[TASK TO COMPLETE]: All lines from the one containing "Available colours: enamel soft" through the final line of the listing below, and no others, must be returned exactly; no pictures belong in the copy.

[DATASET RECORDS]:
****************

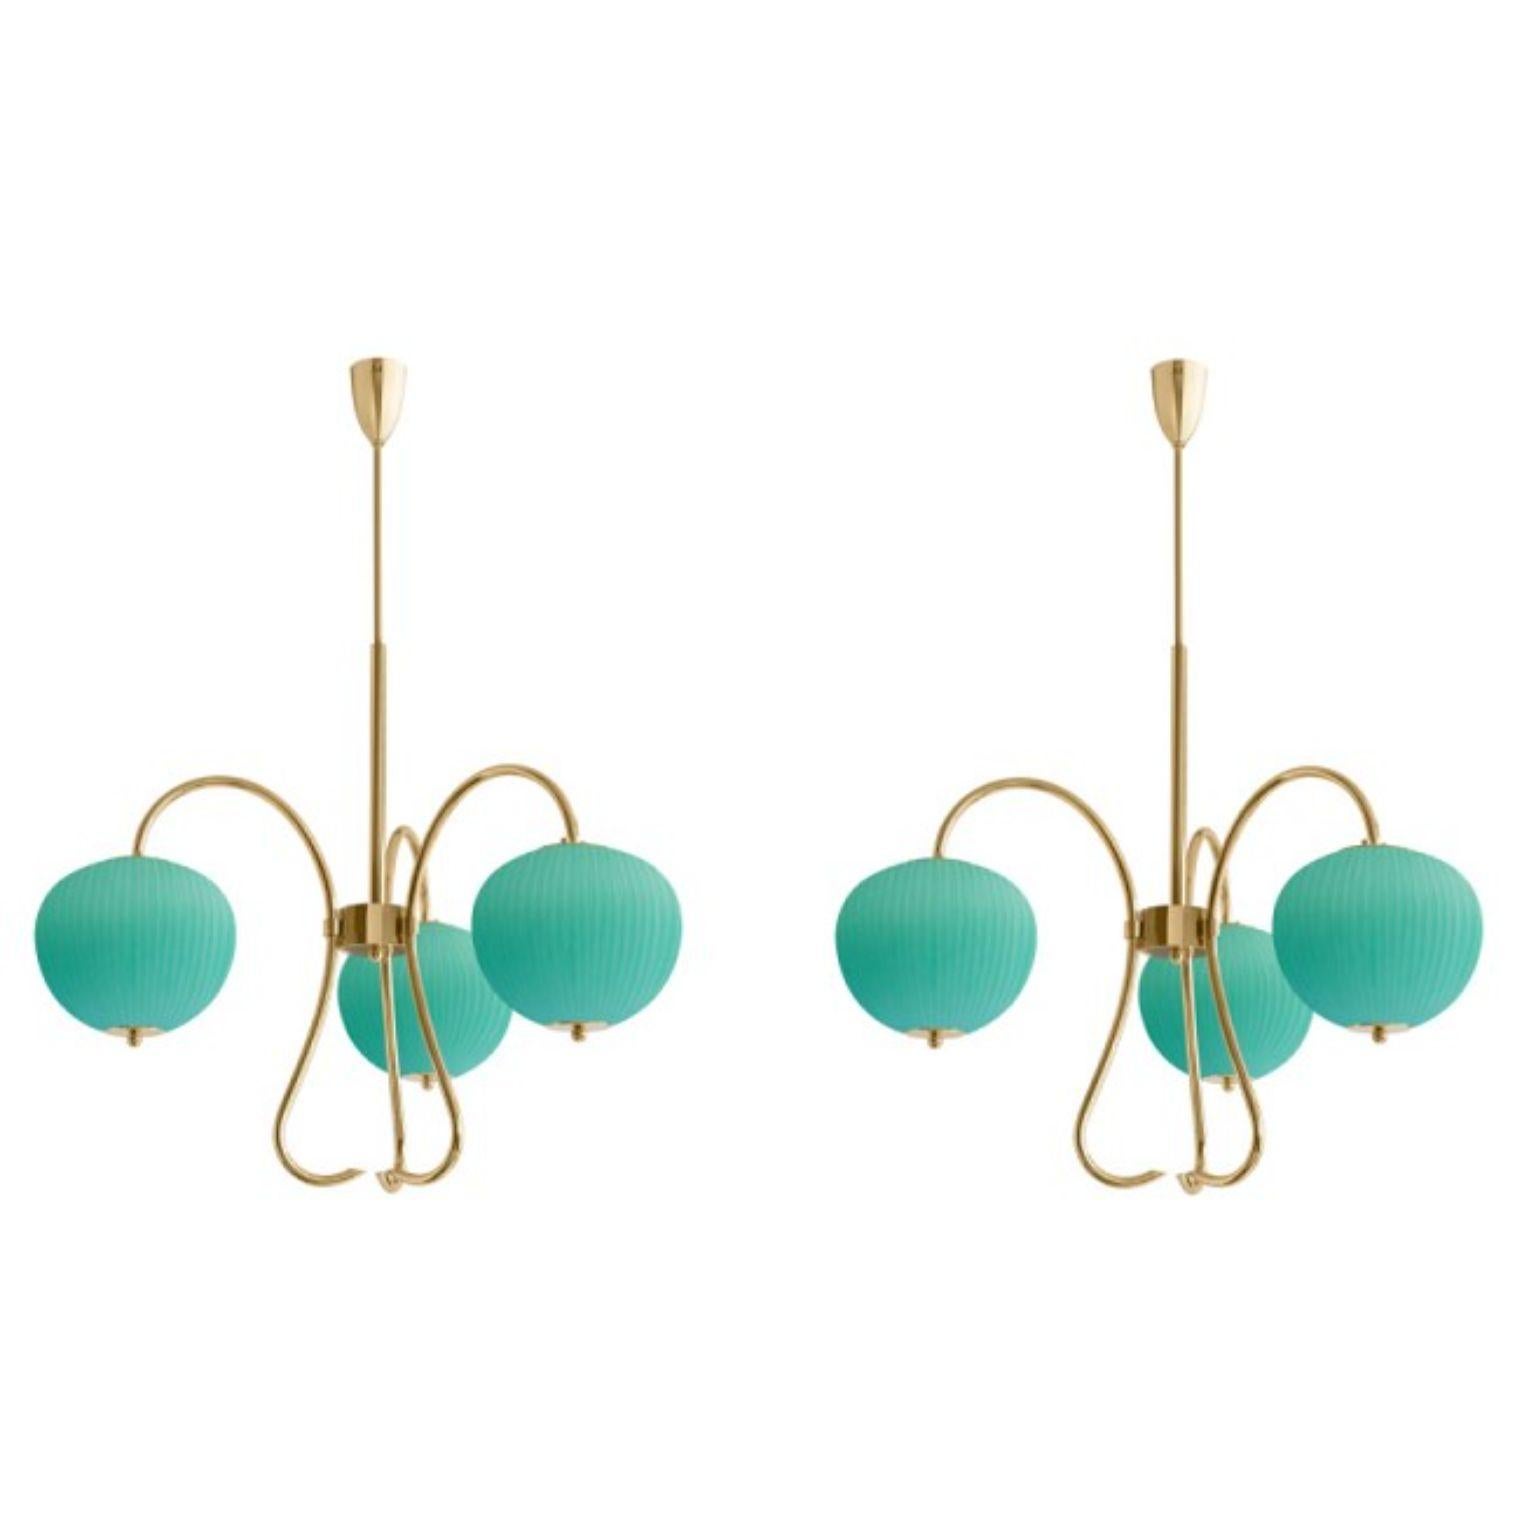 Triple chandelier China 03 by Magic Circus Editions
Dimensions: H 120 x W 81.5 x D 26.2 cm
Materials: brass, mouth blown glass sculpted with a diamond saw
Colour: jade green

Available finishes: Brass, nickel
Available colours: enamel soft
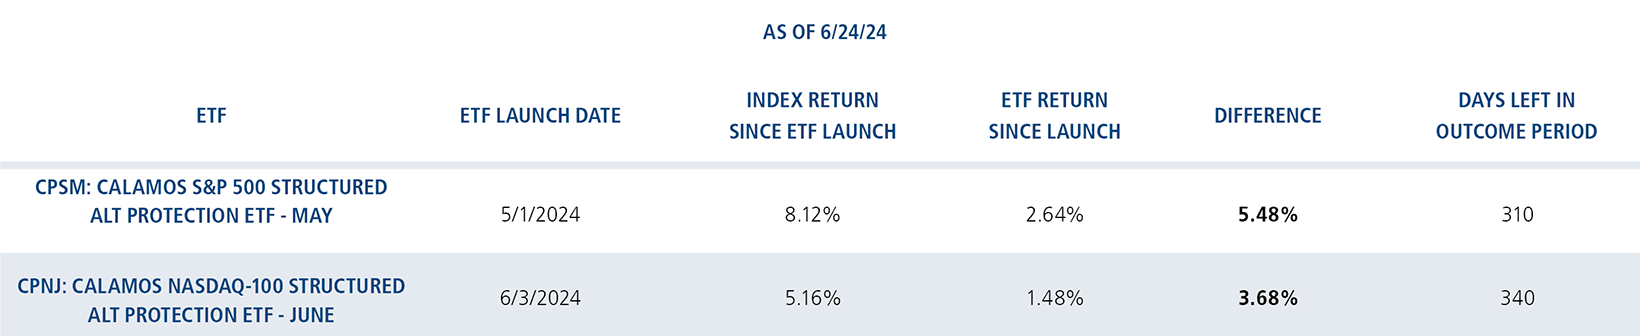 CPSM and CPNJ return since launch and index return since launch
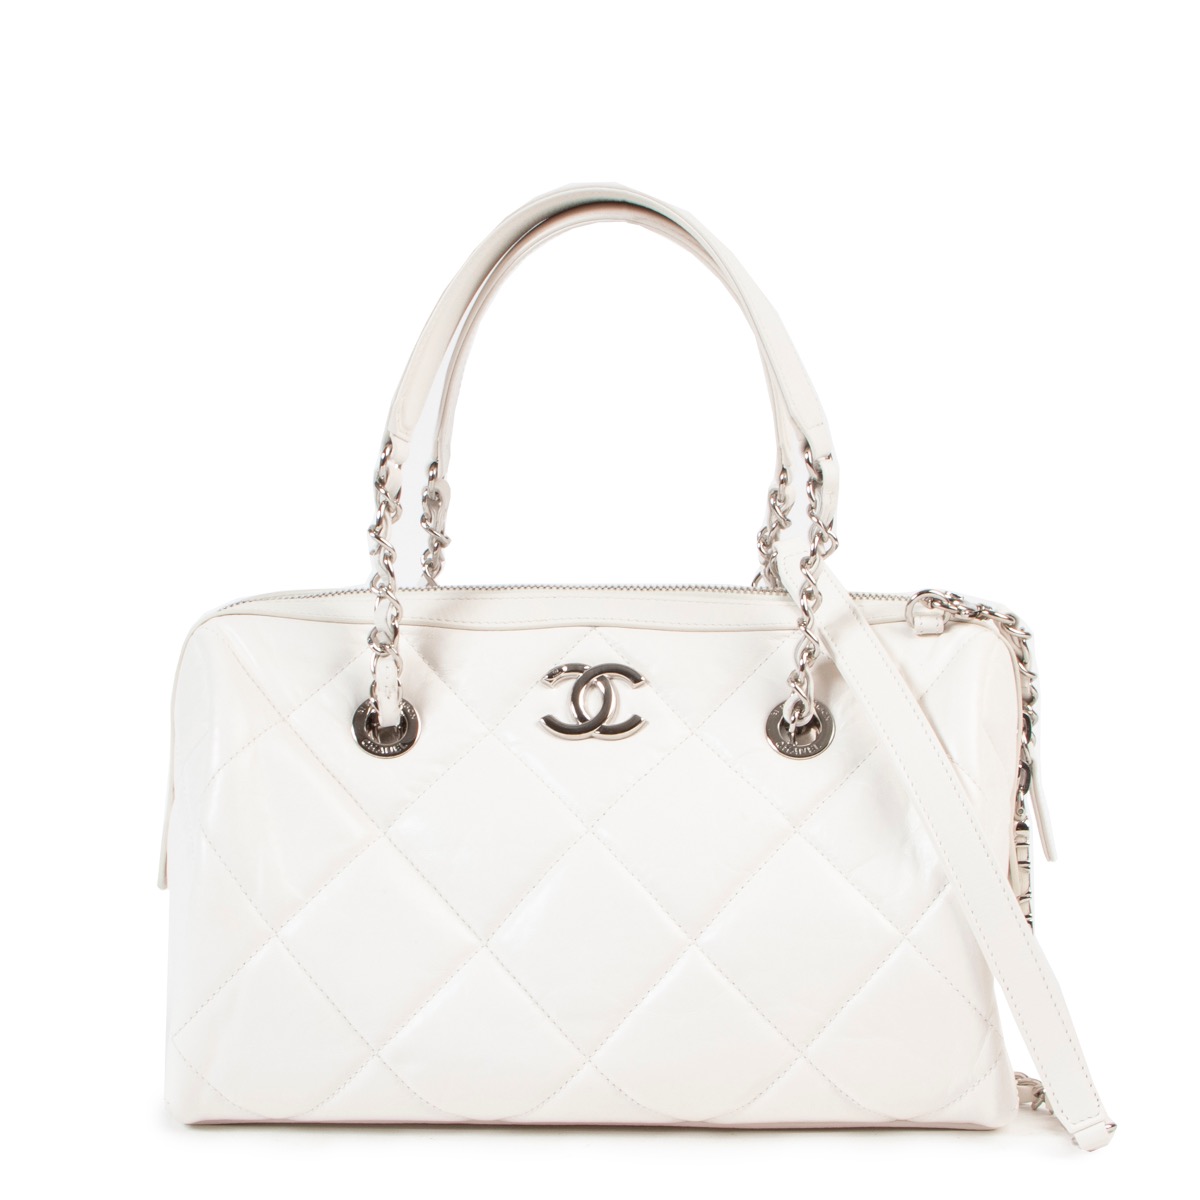 Chanel Boston Bag  Prestige Online Store  Luxury Items with Exceptional  Savings from the eShop

****************

[ANSWER FOR THIS EXERCISE]:
Available colours: enamel soft
 CPSM and CPNJ return since launch and index return since launch
 Chanel Boston Bag  Prestige Online Store  Luxury Items with Exceptional  Savings from the eShop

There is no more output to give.